5. Under appservices, edit the file so it looks similar to the following. Whilst probably not the best practice, I had my machine’s local IP address as the address. Also, this isn’t the entirety of the appservices, just the relevant parts.

   appservice:
       # The address that the homeserver can use to connect to this appservice.
       address: http:///host.docker.internal:29328
   
       # The hostname and port where this appservice should listen.
       hostname: 0.0.0.0
       port: 29328
   
       # Database config.
       database:
           # The database type. "sqlite3-fk-wal" and "postgres" are supported.
           type: "sqlite3-fk-wal"
           # The database URI.
           #   SQLite: A raw file path is supported, but `file:<path>?_txlock=immediate` is recommended.
           #           https://github.com/mattn/go-sqlite3#connection-string
           #   Postgres: Connection string. For example, postgres://user:password@host/database?sslmode=disable
           #             To connect via Unix socket, use something like postgres:///dbname?host=/var/run/postgresql
           uri: file:/data/db.db?_txlock=immediate
   

6. I also configured permissions to allow myself to use the bridge from matrix.org.

   permissions:
       "*": relay
       "matrix.example.com": user
       "@<user>:matrix.example.com": admin
       "@<user>:matrix.org": admin
   

7. Other things I enabled in the configuration file were bridge.double_puppet_allow_discovery, encryption.allow and encryption.default.
   a. As this is YAML, x.y would be found under x with the field name y.
8. Run same command as in step 3 to generate the appservices file.

   docker run --rm -v `pwd`:/data:z dock.mau.dev/mautrix/signal:latest
   

9. Now, a file named registration.yaml should be in the directory. Move this file to appservices/ in the Synapse directory (or check your Matrix server’s documentation for where to put this file). If appservices/ doesn’t exist, create it. I would also suggest renaming it something more descriptive, such as mautrix-signal-registration.yaml.

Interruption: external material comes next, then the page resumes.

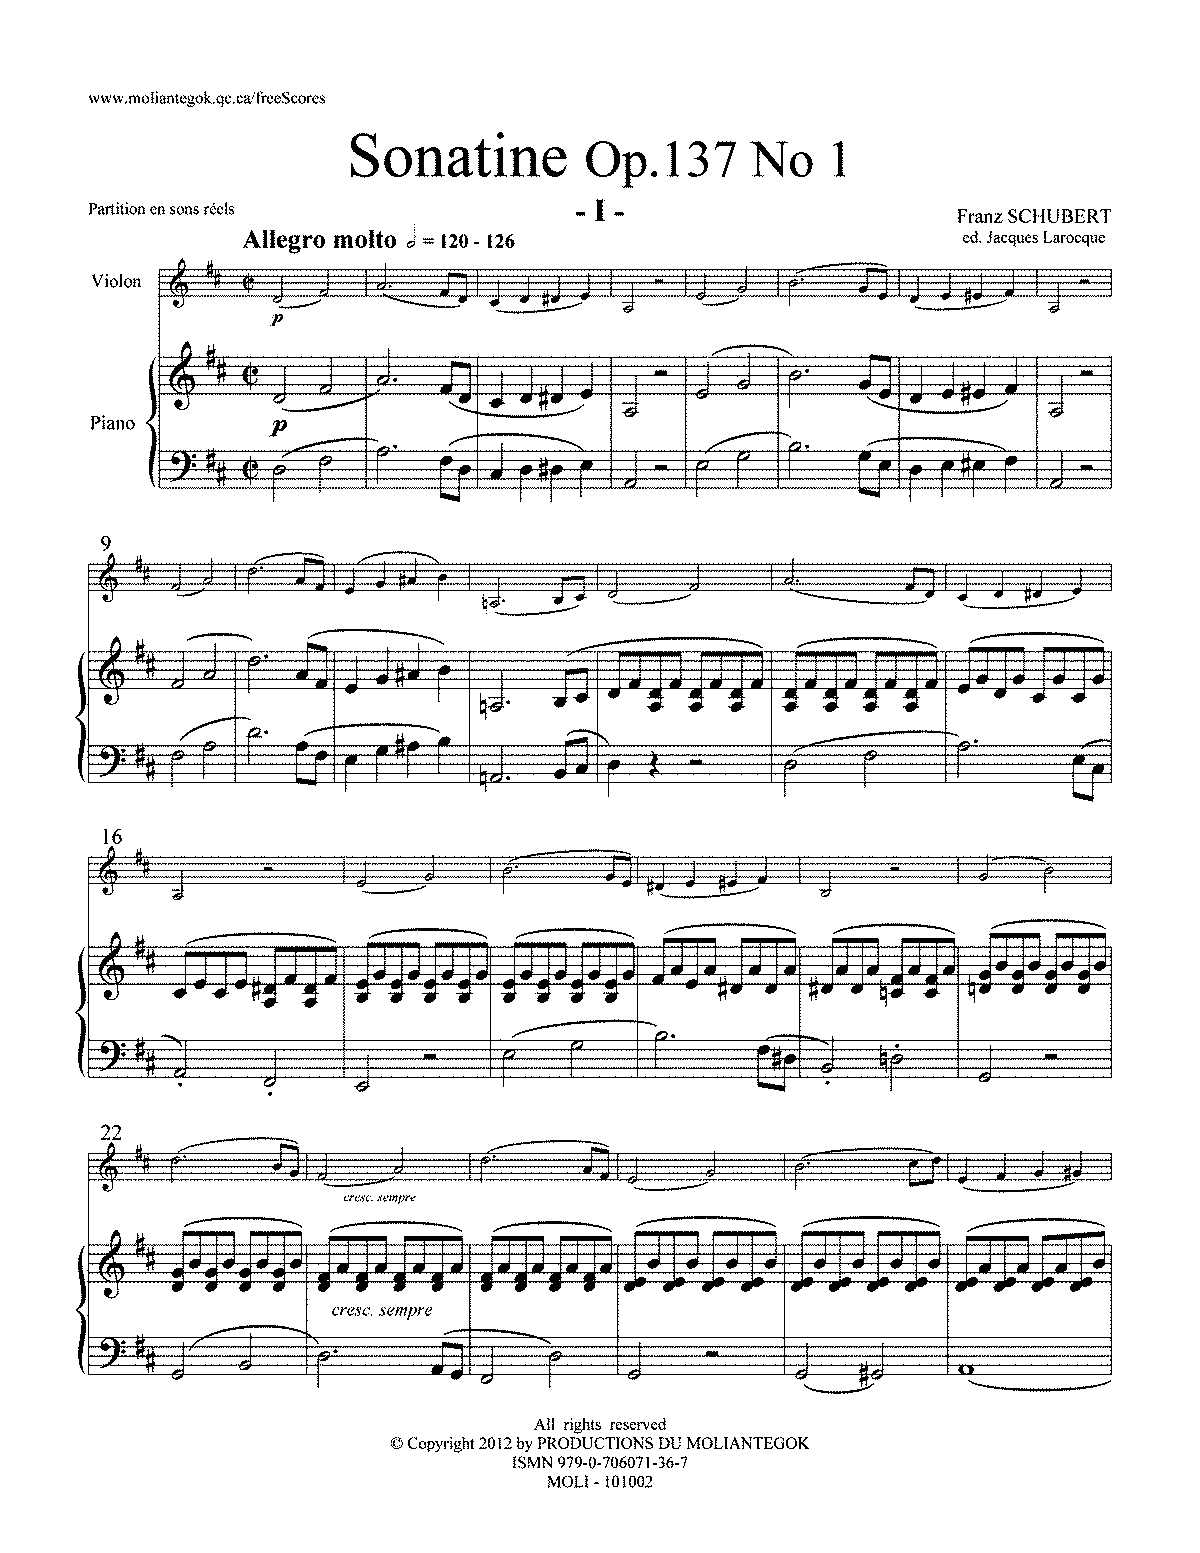 Schubert: Sonates pour pianoforte & violon

   mv registration.yaml /path/to/synapse/appservices/mautrix-signal-registration.yaml
   

10. In the Synapse directory, edit the homeserver.yaml file. Under app_service_config_files, add the path to the registration file. If running in Docker, it should look similar to the following.

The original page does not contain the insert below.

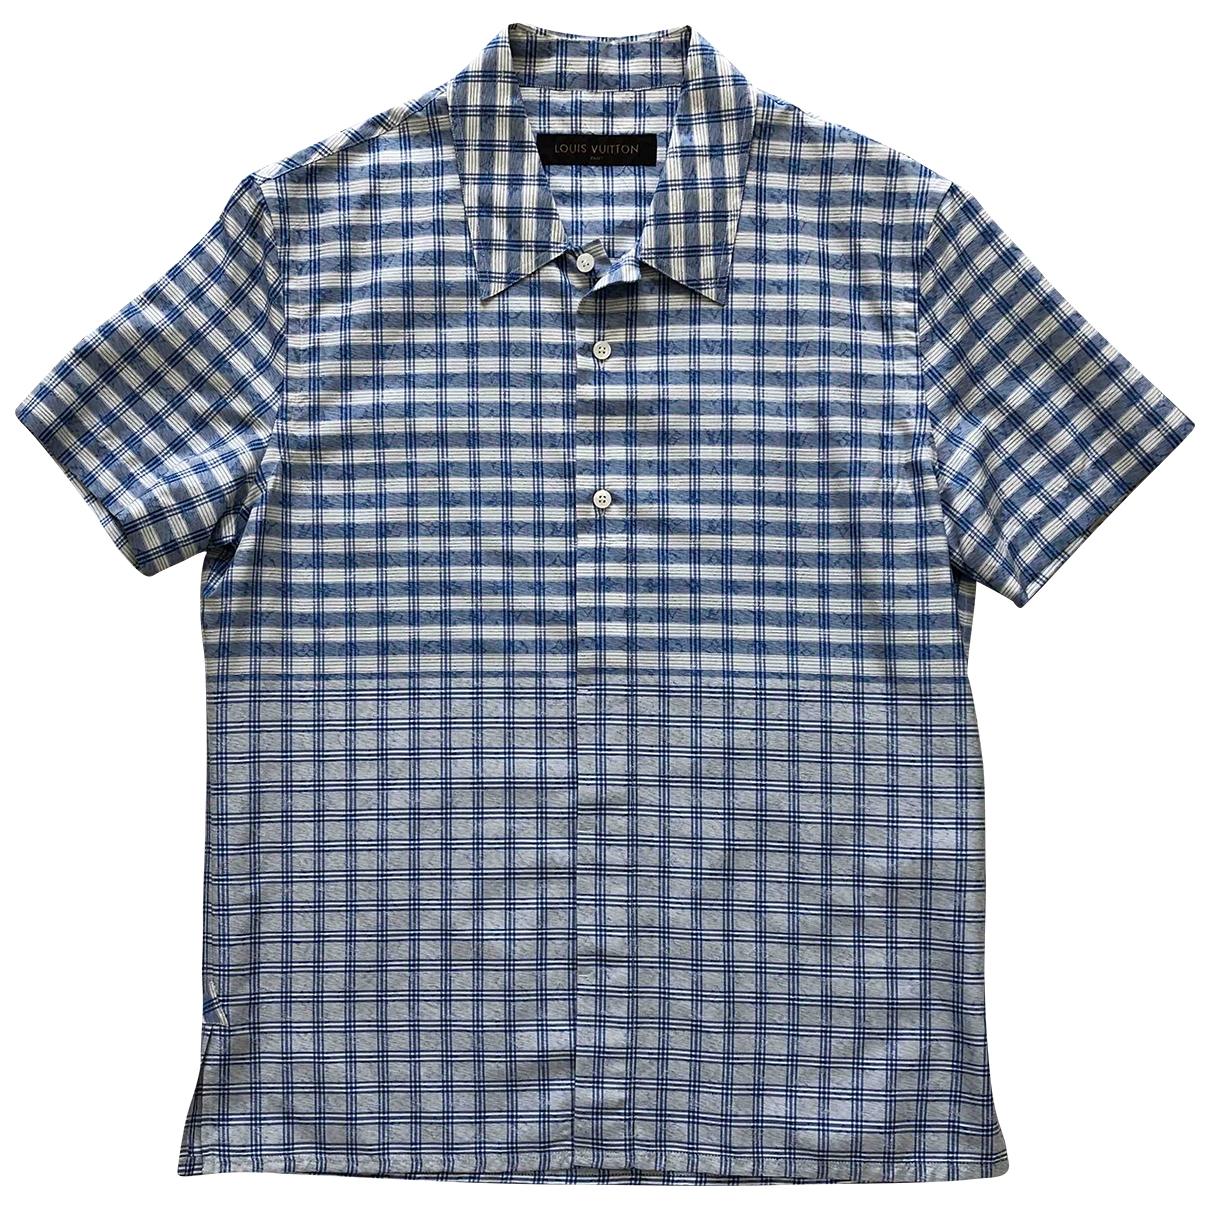 Camisas de Seda Louis Vuitton

    app_service_config_files:
            - /data/appservices/mautrix-signal-registration.yaml    
    

11. Now, back in signal-matrix-bridge/, run the following command to start the container.

    docker-compose up -d
    

12. If everything went well, you should be able to see the bridge in the Synapse admin interface. Message @signalbot:matrix.example.com to login.

Viability

As I’ve stressed multiple times, this is a simple bridge. It’s not the most secure, nor is it the most efficient. However, it’s a good starting point. I’ve been using it for a few weeks now and it’s been working well. I’ve been able to send messages from Signal to Matrix and vice versa. One of the best features of this bridge is that it allows you to access Signal from any device with a Matrix client. Thus, you can access it through a web browser or a terminal - something that isn’t possible with the official Signal client. In addition, if you have multiple phones, you can use the same Signal account on both.
I don’t recommend using this bridge for anything mission-critical. I was able to setup this bridge in a nearly identical manner and it works. However, I recommend looking through the documentation and doing some research before setting up a bridge for anything important.